Did I mention, by the way, that I enjoyed the Great Day of Service? I did yard work for a couple of elderly shut-ins. Did I mention that it ended up being fun! My son Townshend did it with me, and he also had fun. Imagine that! Imagine setting aside your own interests, needs, and wants—and focusing instead on someone else’s interests, needs, and wants—and finding, to your surprise, that doing so makes you happy. That’s what happened to me yesterday. The truth is, this kind of thing happens all the time. And don’t you think that that experience softens my heart just a little bit? Don’t you think that the Holy Spirit is using experiences like this one to change me from within just a little bit? Don’t you think that through experiences like this I’m becoming a little bit less of the self-centered little beast that I can so often be?

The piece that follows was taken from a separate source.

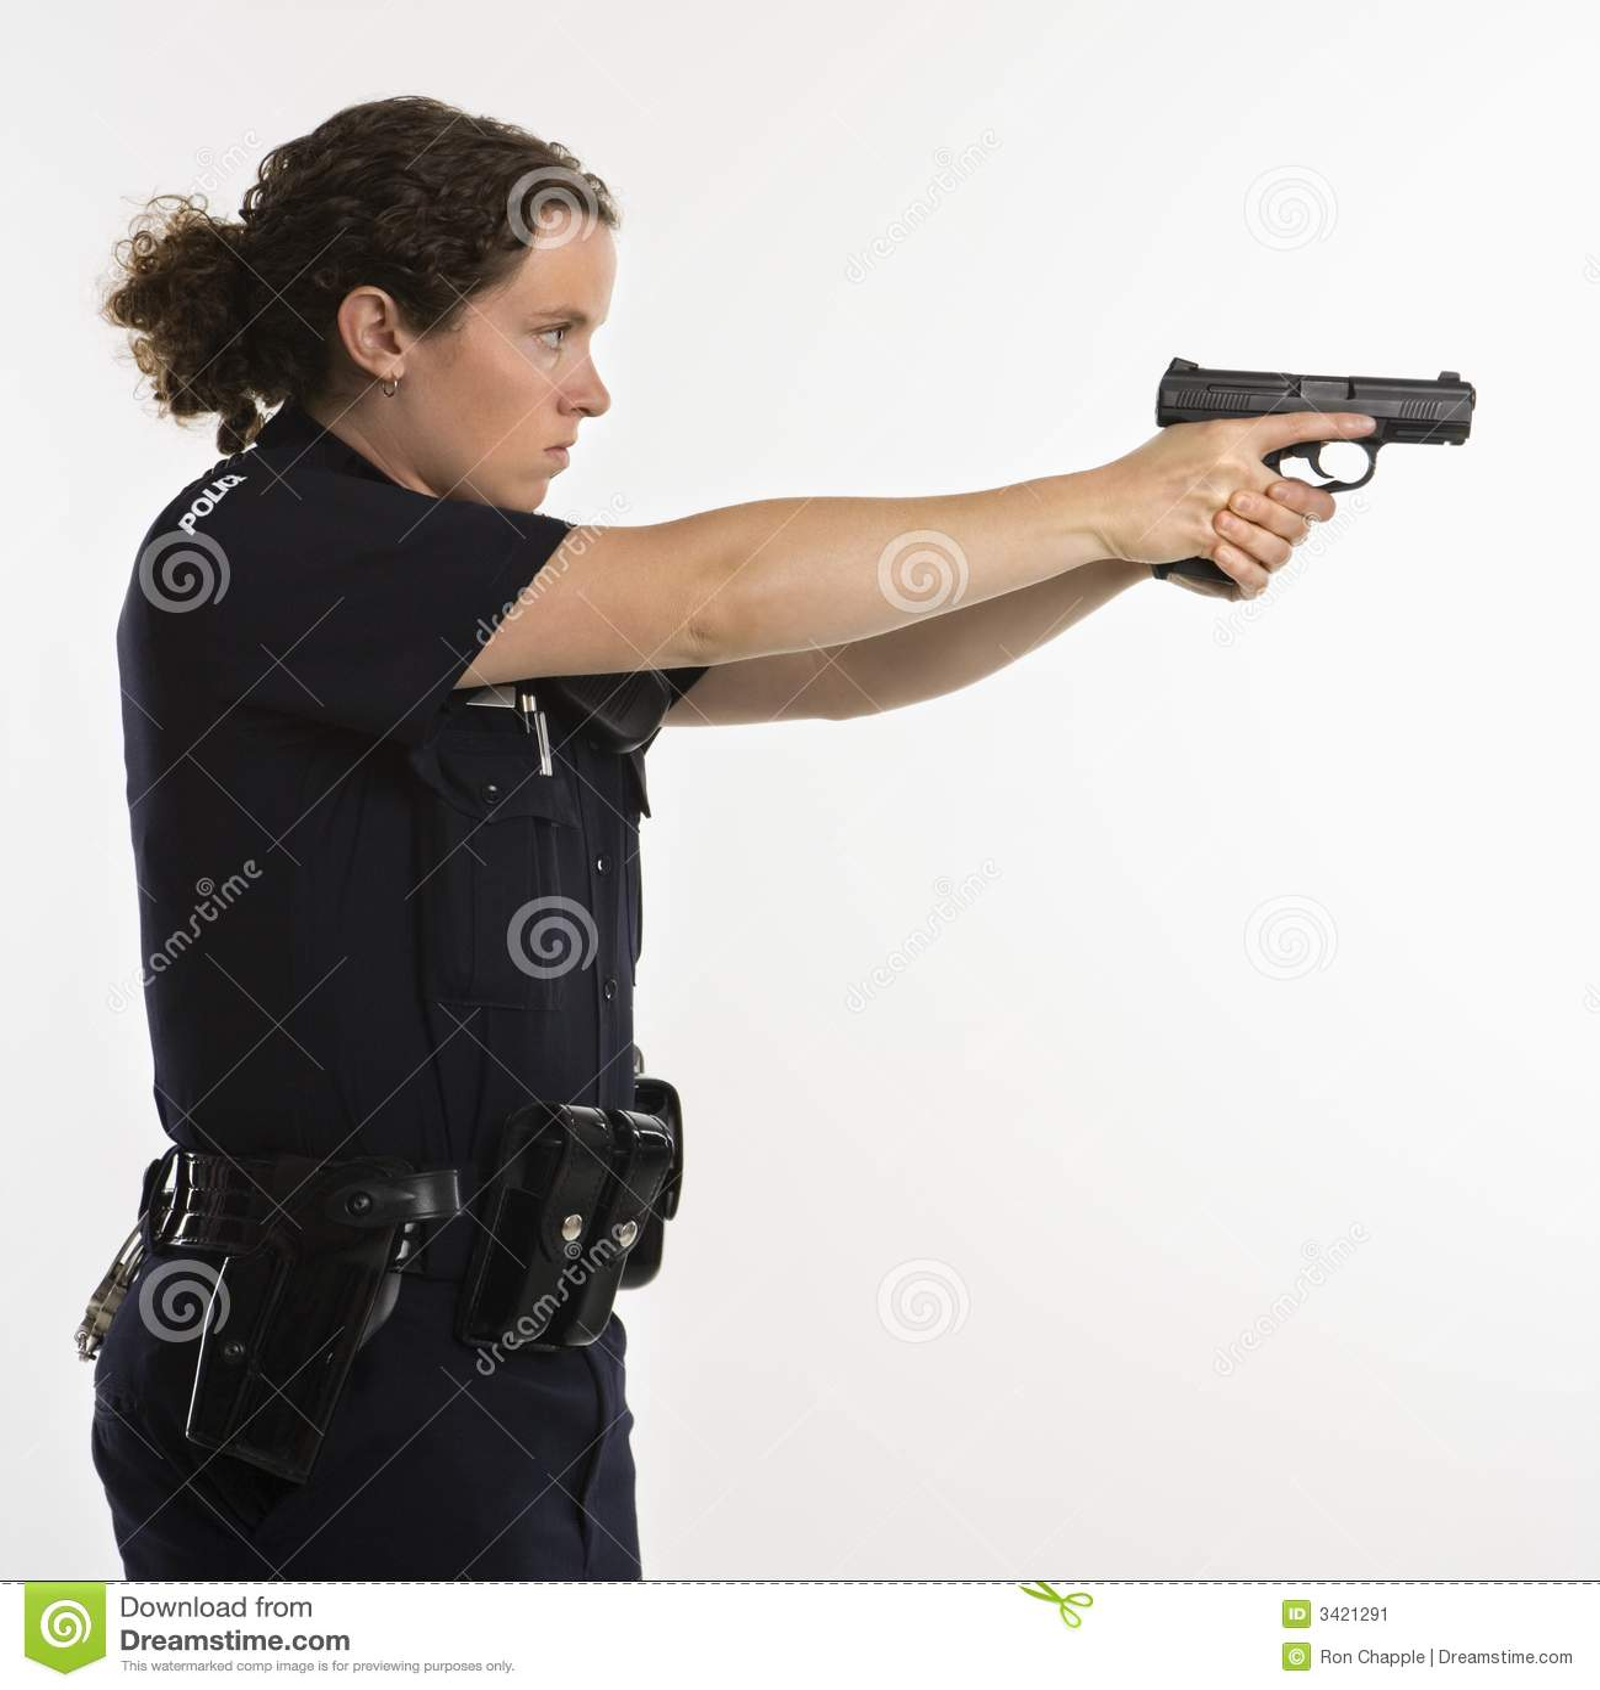 Policewoman aiming gun. stock image. - 82.6KB

Of course this is true! Think about your own children for a moment… You give and give and give. And they take and take and take. And the truth is you don’t even give a thought about what you’re getting out of the relationship. Your child may cut the grass or do the dishes or cook dinner, but that hardly begins to “pay back” their debt to you. There will come a time—I think and hope—when the relationship is more of a two-way street; it’s reciprocal; it’s like a friendship; it’s on equal footing. But guess what? Long before you reach that point—after all the giving, all the worry, all the stress and strain without a thought for yourself—you can’t help but love your child with an unbreakable bond of love. Even if your child is unattractive to everyone else, you can’t help but be madly in love with this person.
How does that happen? It happens because being a responsible parent forces us to follow the same pattern of self-giving, self-sacrificial love that the apostle Paul urges husbands and wives to follow. Try it and see if your love for your spouse doesn’t grow! Try it and see if you don’t change and become a better person in the process![4]